▶ _ABOUT THIS EXERCISE_
Your reply is to be the lines below, exactly as written, with images omitted.

▶ _RECORDED DATA_
###

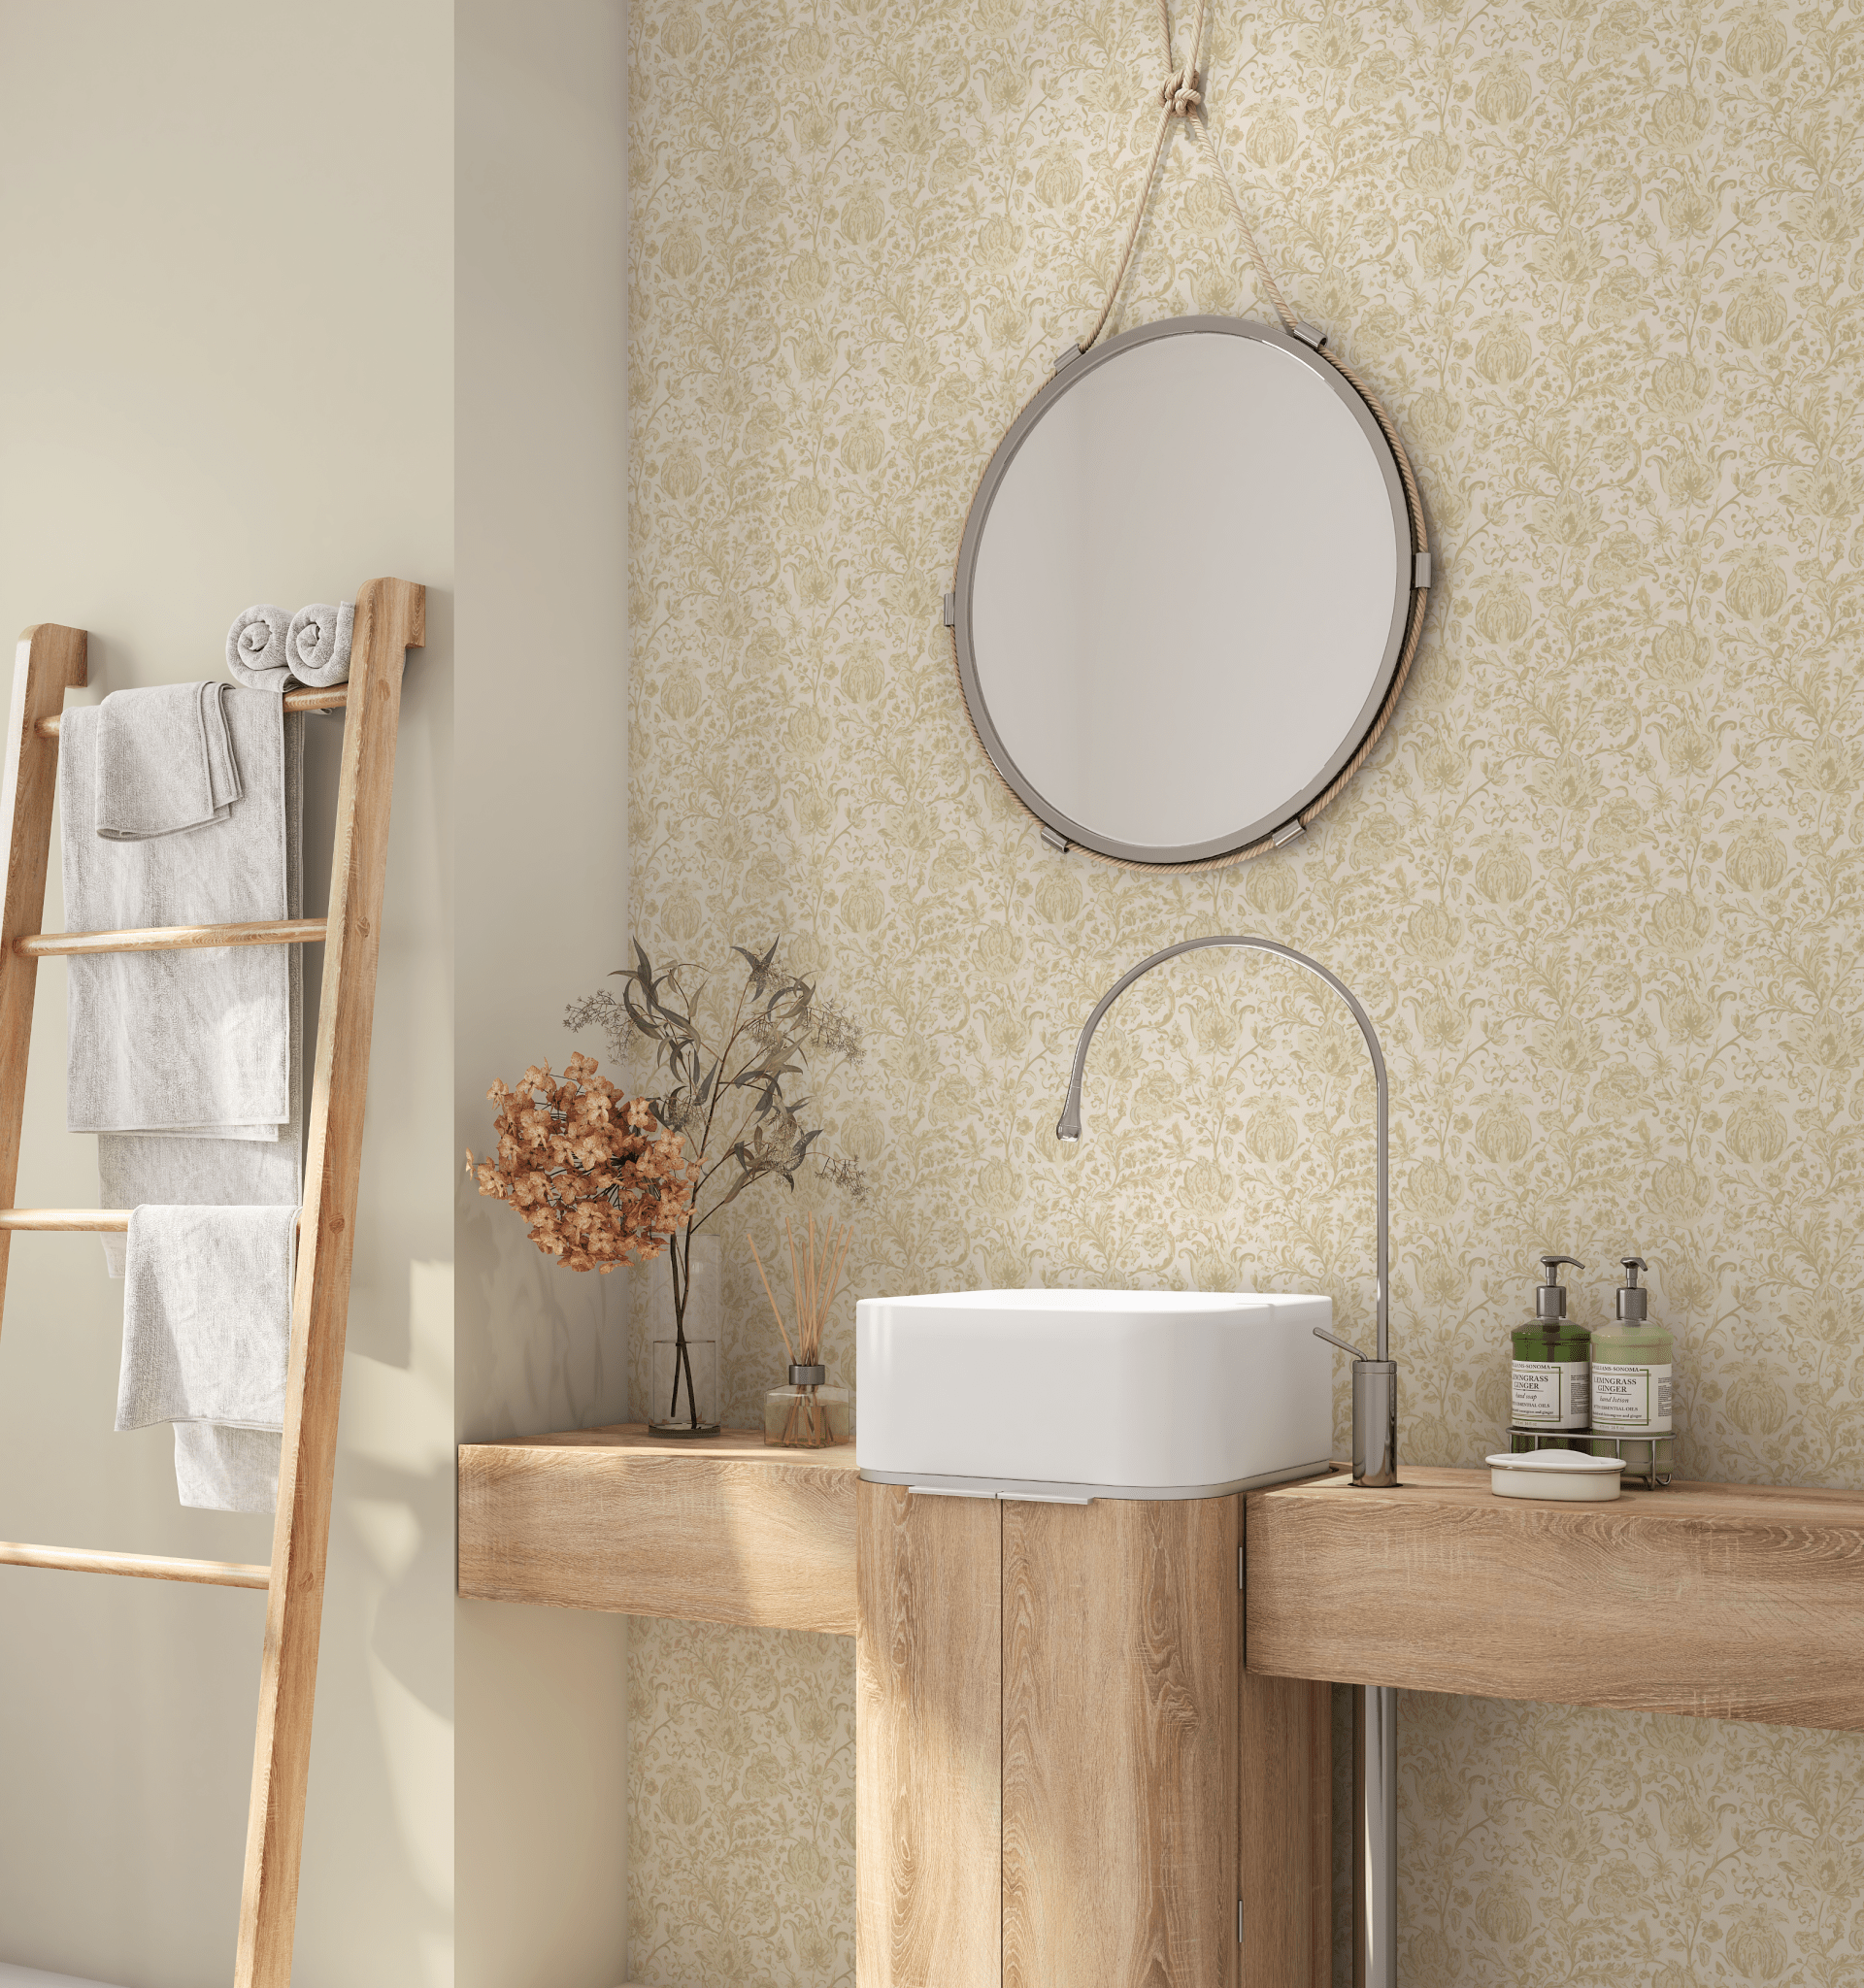 Bathroom showcasing beige brocade wallpaper with an intricate, vintage floral design for a classic look.
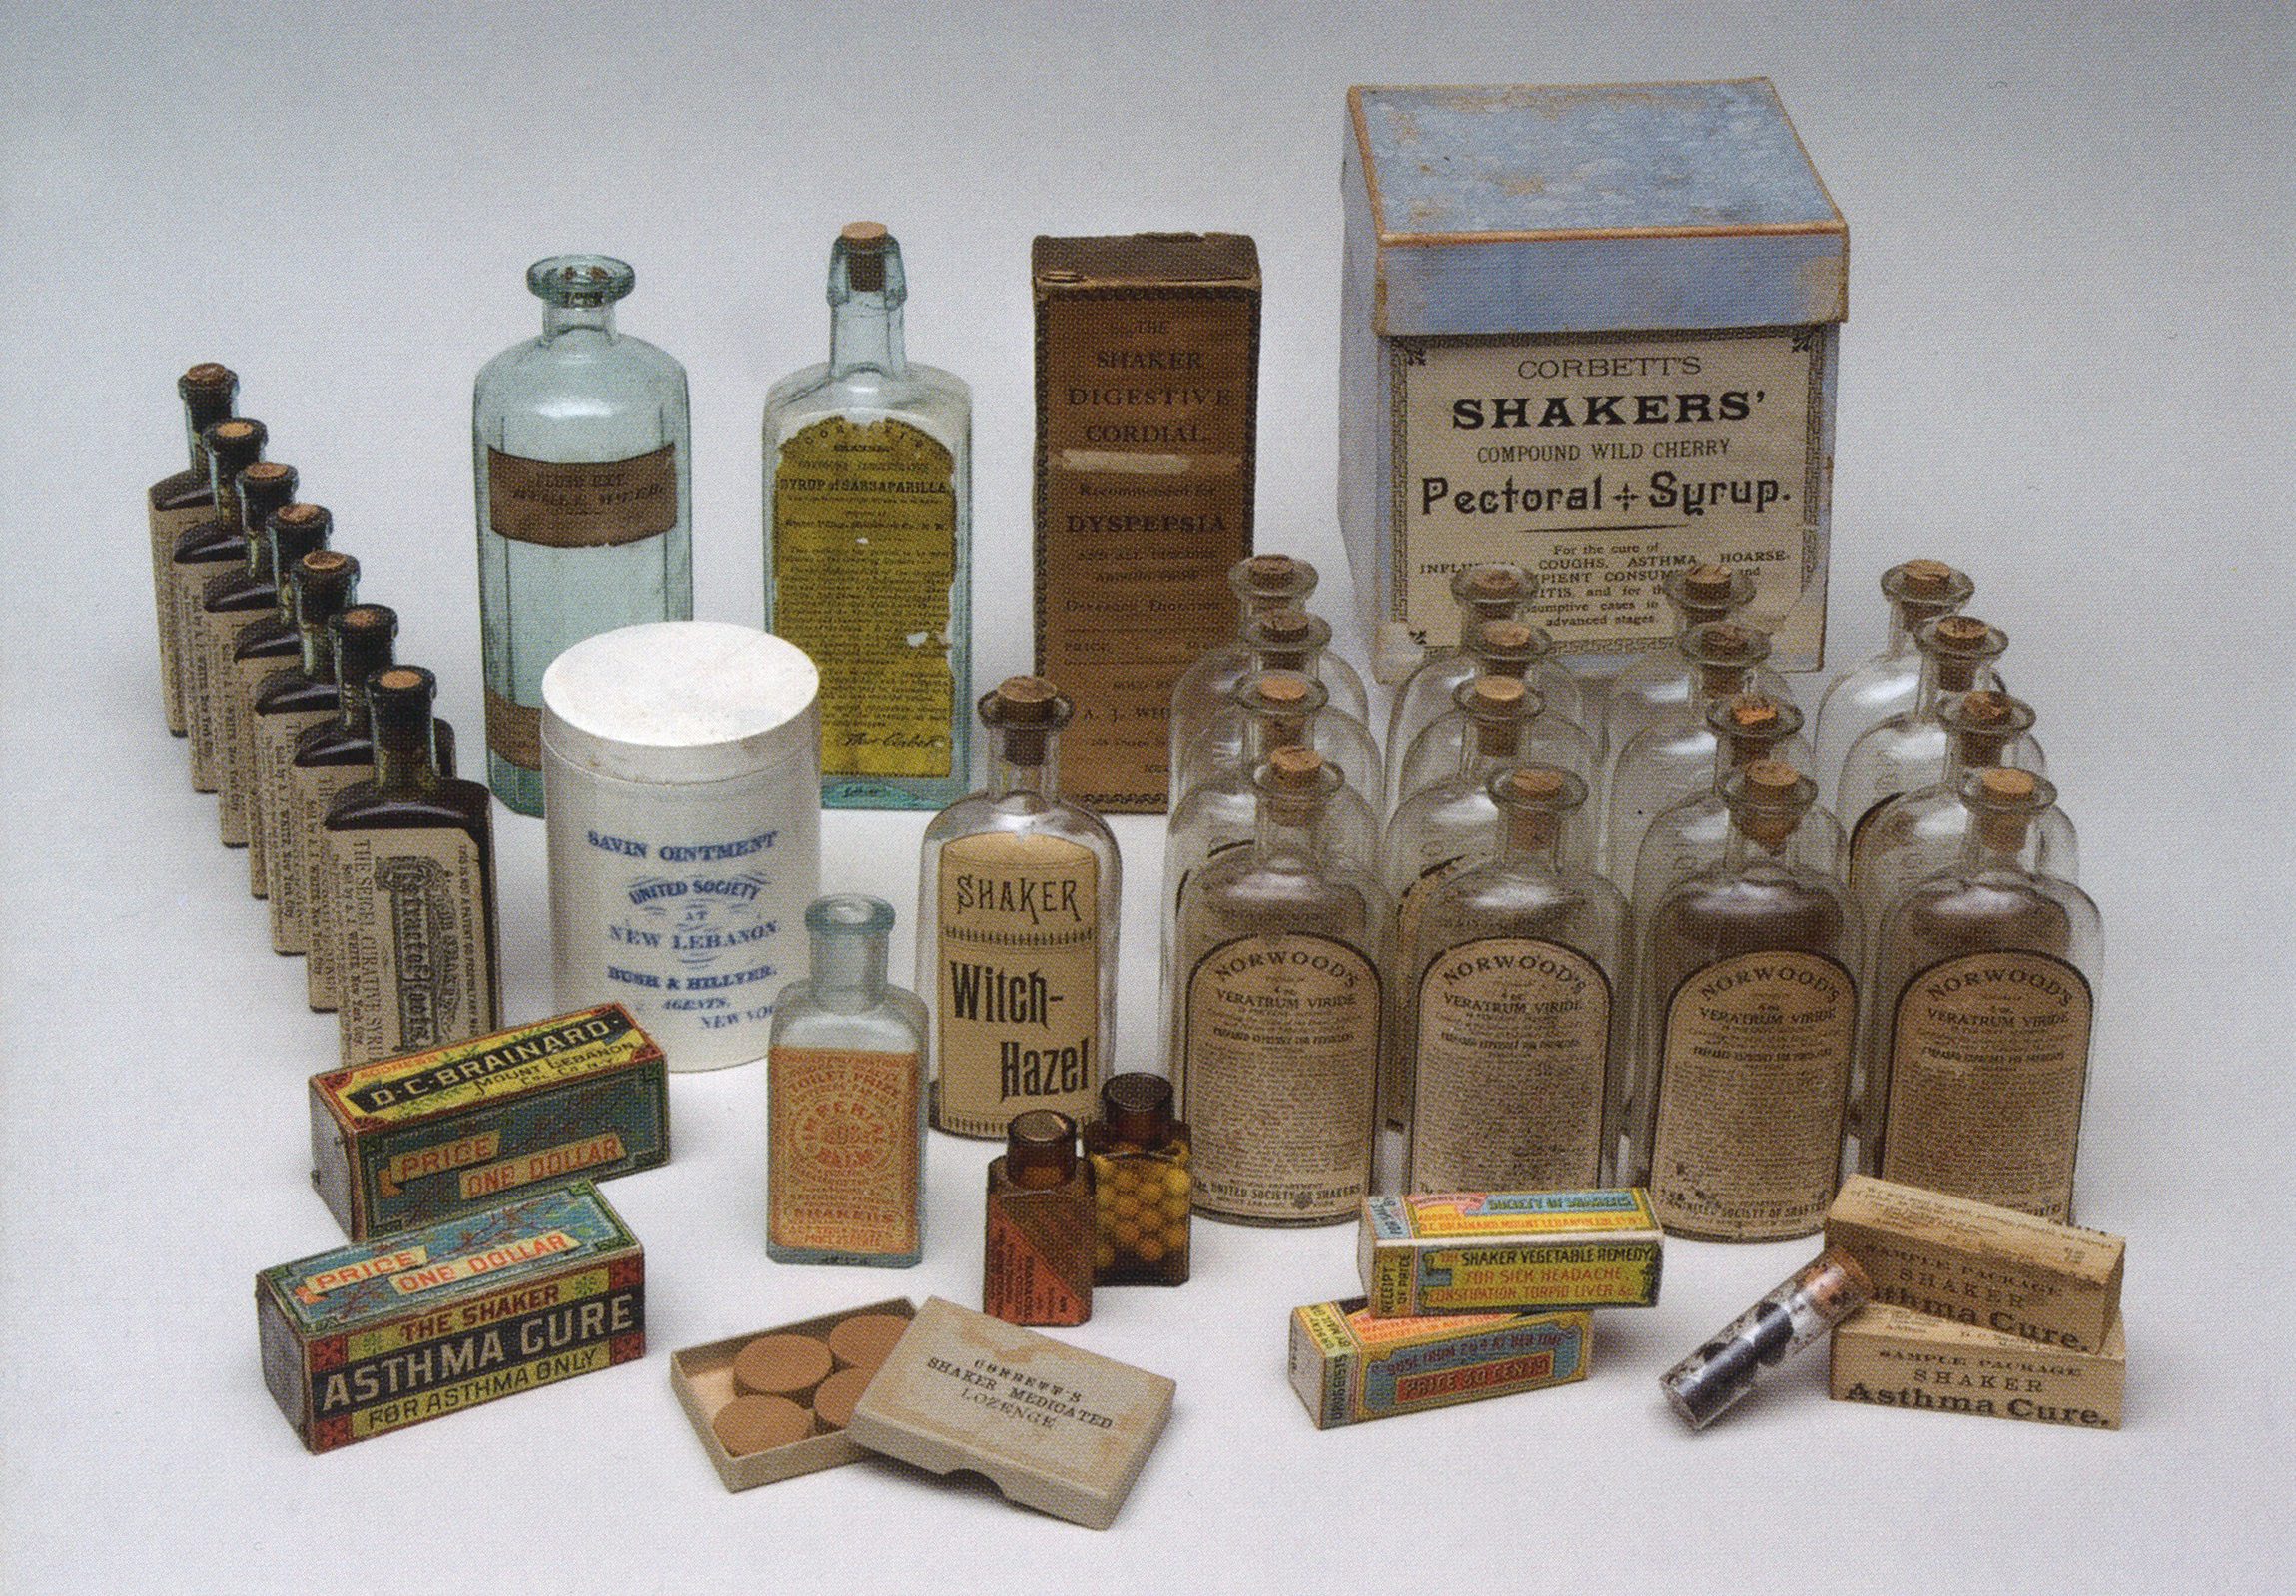 Sample of Shaker medicinal packaging, Collection of the Shaker Museum 
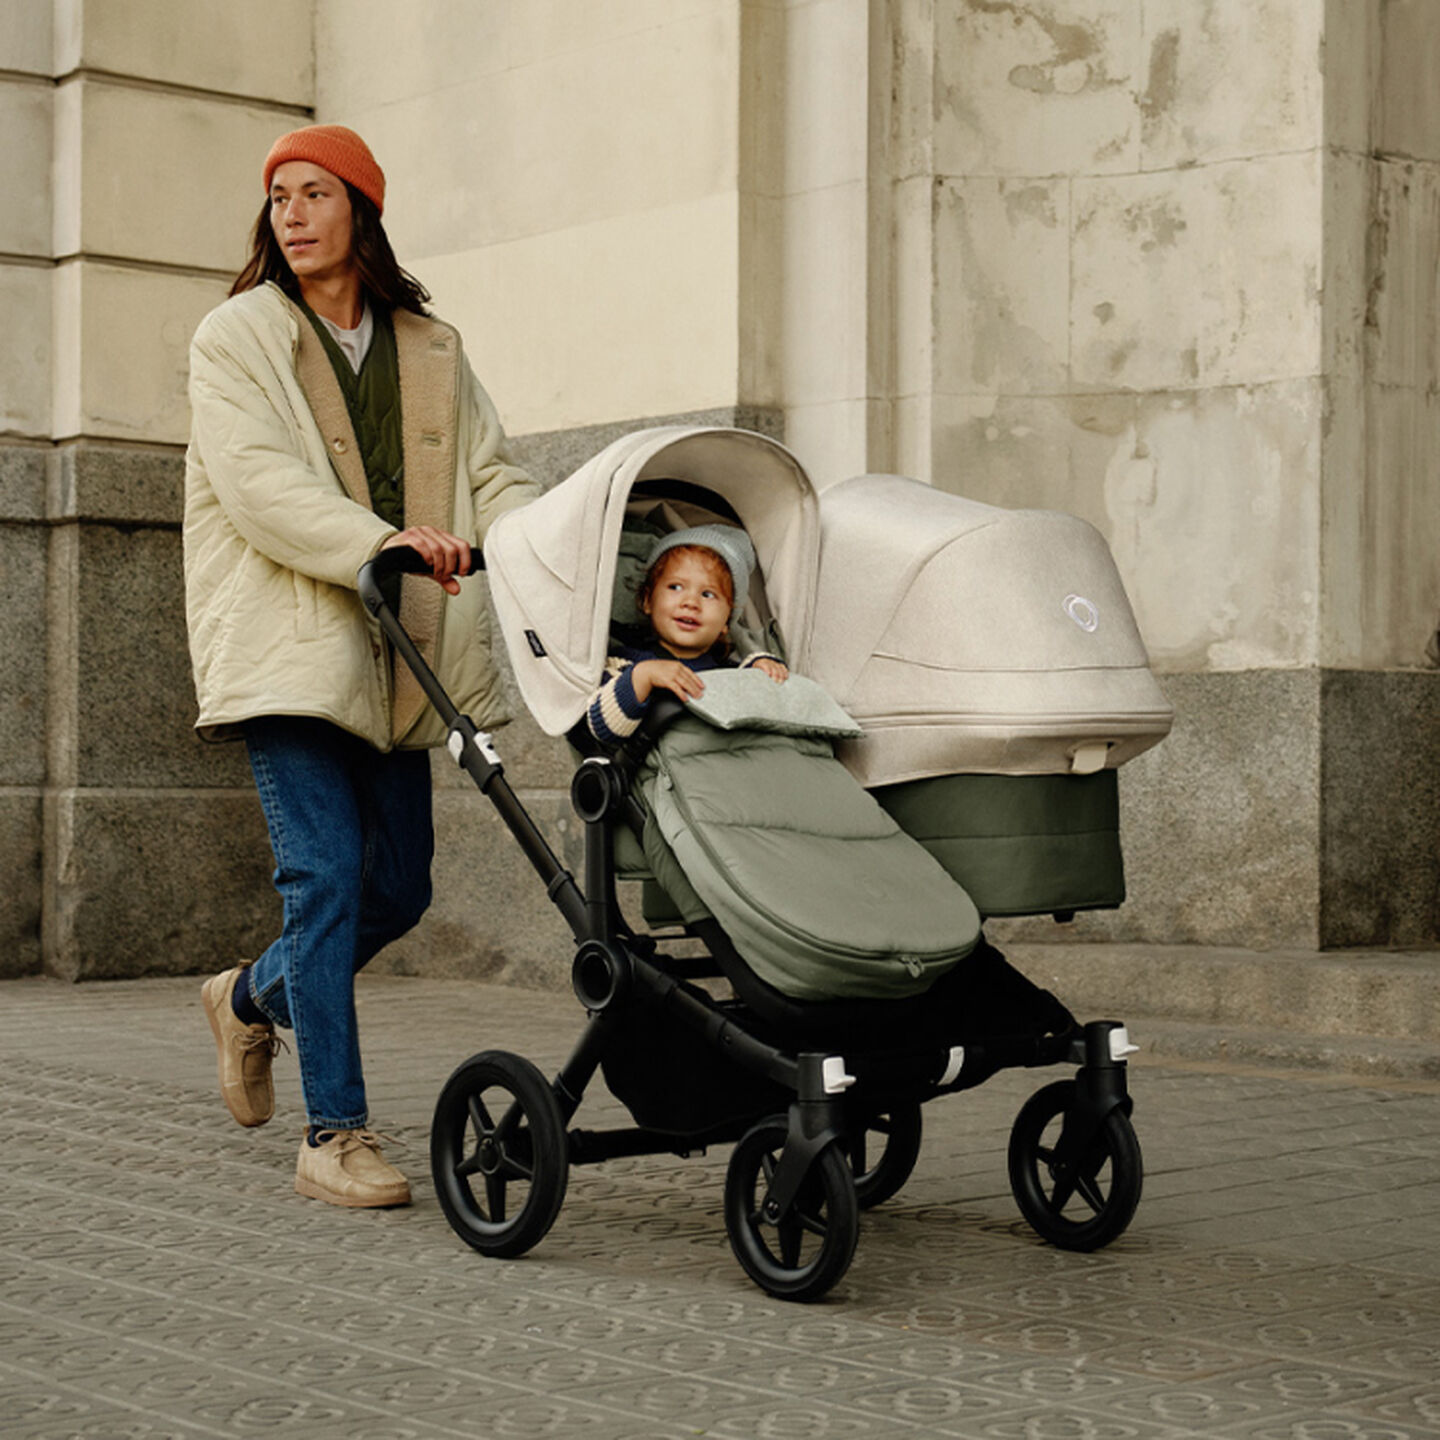 A father walks with his kids in the Bugaboo Donkey 5 Duo stroller. His toddler sits on the left seat inside a footmuff. The bassinet on the right faces the other way, showing the Bugaboo logo on the canopy.

###

▶ _THE COMPLETED TASK_
 Bathroom showcasing beige brocade wallpaper with an intricate, vintage floral design for a classic look.
 Sample of Shaker medicinal packaging, Collection of the Shaker Museum 
 A father walks with his kids in the Bugaboo Donkey 5 Duo stroller. His toddler sits on the left seat inside a footmuff. The bassinet on the right faces the other way, showing the Bugaboo logo on the canopy.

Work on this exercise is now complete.